## [What the exercise asks]
A verbatim transcript of the lines below, starting at the first and ending with the one that holds "Queen Rania looks", is what should be produced.

┏━━

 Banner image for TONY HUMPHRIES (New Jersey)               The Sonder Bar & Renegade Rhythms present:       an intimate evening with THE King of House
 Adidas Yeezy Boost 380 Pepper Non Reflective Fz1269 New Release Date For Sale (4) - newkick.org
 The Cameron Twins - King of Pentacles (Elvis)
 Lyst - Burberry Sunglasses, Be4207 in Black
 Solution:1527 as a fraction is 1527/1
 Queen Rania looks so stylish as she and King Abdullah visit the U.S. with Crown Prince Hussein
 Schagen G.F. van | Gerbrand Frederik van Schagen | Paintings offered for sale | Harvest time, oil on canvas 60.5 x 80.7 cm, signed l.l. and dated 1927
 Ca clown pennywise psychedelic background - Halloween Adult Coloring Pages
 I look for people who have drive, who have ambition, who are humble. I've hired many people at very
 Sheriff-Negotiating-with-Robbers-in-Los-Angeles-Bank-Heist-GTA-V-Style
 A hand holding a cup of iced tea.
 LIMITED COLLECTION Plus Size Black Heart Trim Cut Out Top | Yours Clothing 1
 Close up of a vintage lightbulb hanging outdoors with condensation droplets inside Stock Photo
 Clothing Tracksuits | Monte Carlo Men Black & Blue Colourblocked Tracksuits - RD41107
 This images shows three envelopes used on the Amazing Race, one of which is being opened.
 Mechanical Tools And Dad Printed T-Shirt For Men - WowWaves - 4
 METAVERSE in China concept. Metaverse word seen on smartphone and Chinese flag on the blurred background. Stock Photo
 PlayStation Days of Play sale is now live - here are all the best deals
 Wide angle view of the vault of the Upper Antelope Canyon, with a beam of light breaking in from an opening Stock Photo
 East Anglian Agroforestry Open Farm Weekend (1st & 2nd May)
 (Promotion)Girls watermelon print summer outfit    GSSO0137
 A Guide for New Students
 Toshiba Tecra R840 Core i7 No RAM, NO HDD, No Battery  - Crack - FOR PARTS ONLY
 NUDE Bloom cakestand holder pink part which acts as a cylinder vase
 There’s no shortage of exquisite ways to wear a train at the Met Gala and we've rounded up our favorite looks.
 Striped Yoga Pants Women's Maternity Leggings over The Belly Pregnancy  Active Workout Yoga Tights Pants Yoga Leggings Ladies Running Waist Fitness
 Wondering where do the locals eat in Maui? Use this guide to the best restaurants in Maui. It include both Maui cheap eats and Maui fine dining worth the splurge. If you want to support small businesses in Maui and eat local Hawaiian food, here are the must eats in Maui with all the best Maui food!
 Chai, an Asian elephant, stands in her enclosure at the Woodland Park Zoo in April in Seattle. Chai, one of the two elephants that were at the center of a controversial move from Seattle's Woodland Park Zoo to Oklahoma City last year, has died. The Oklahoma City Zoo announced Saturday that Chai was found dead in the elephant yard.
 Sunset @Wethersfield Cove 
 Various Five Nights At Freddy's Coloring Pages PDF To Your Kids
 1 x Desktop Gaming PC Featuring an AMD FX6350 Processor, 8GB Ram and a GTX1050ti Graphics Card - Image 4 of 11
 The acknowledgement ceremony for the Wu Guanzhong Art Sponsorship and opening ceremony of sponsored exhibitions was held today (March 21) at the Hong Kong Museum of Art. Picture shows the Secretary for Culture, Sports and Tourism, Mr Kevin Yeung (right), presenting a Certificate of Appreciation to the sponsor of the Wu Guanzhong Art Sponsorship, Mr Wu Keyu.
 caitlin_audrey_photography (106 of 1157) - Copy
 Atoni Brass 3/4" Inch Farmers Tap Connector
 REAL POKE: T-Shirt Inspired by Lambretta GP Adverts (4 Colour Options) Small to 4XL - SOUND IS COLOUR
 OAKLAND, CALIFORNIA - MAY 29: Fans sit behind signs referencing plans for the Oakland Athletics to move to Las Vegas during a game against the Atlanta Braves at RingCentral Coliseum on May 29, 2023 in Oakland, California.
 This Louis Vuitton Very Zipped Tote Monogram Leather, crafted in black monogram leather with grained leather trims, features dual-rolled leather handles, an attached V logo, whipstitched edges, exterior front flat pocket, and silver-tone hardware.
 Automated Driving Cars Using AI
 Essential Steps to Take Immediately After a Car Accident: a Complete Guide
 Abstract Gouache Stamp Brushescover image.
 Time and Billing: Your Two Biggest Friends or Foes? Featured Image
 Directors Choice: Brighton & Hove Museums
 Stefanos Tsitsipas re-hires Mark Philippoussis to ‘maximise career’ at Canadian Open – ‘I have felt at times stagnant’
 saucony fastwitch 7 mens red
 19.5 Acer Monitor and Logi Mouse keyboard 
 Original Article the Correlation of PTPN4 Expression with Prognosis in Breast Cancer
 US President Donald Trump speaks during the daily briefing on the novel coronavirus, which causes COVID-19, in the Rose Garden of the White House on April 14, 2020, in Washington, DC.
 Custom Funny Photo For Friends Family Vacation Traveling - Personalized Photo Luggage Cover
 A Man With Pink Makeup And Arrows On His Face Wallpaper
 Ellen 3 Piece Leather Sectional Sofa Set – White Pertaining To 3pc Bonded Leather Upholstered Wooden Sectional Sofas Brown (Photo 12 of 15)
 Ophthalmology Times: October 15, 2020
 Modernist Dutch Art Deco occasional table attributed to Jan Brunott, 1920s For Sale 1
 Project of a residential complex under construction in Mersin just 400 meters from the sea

┗━━

## [Answer for this exercise]
 Banner image for TONY HUMPHRIES (New Jersey)               The Sonder Bar & Renegade Rhythms present:       an intimate evening with THE King of House
 Adidas Yeezy Boost 380 Pepper Non Reflective Fz1269 New Release Date For Sale (4) - newkick.org
 The Cameron Twins - King of Pentacles (Elvis)
 Lyst - Burberry Sunglasses, Be4207 in Black
 Solution:1527 as a fraction is 1527/1
 Queen Rania looks so stylish as she and King Abdullah visit the U.S. with Crown Prince Hussein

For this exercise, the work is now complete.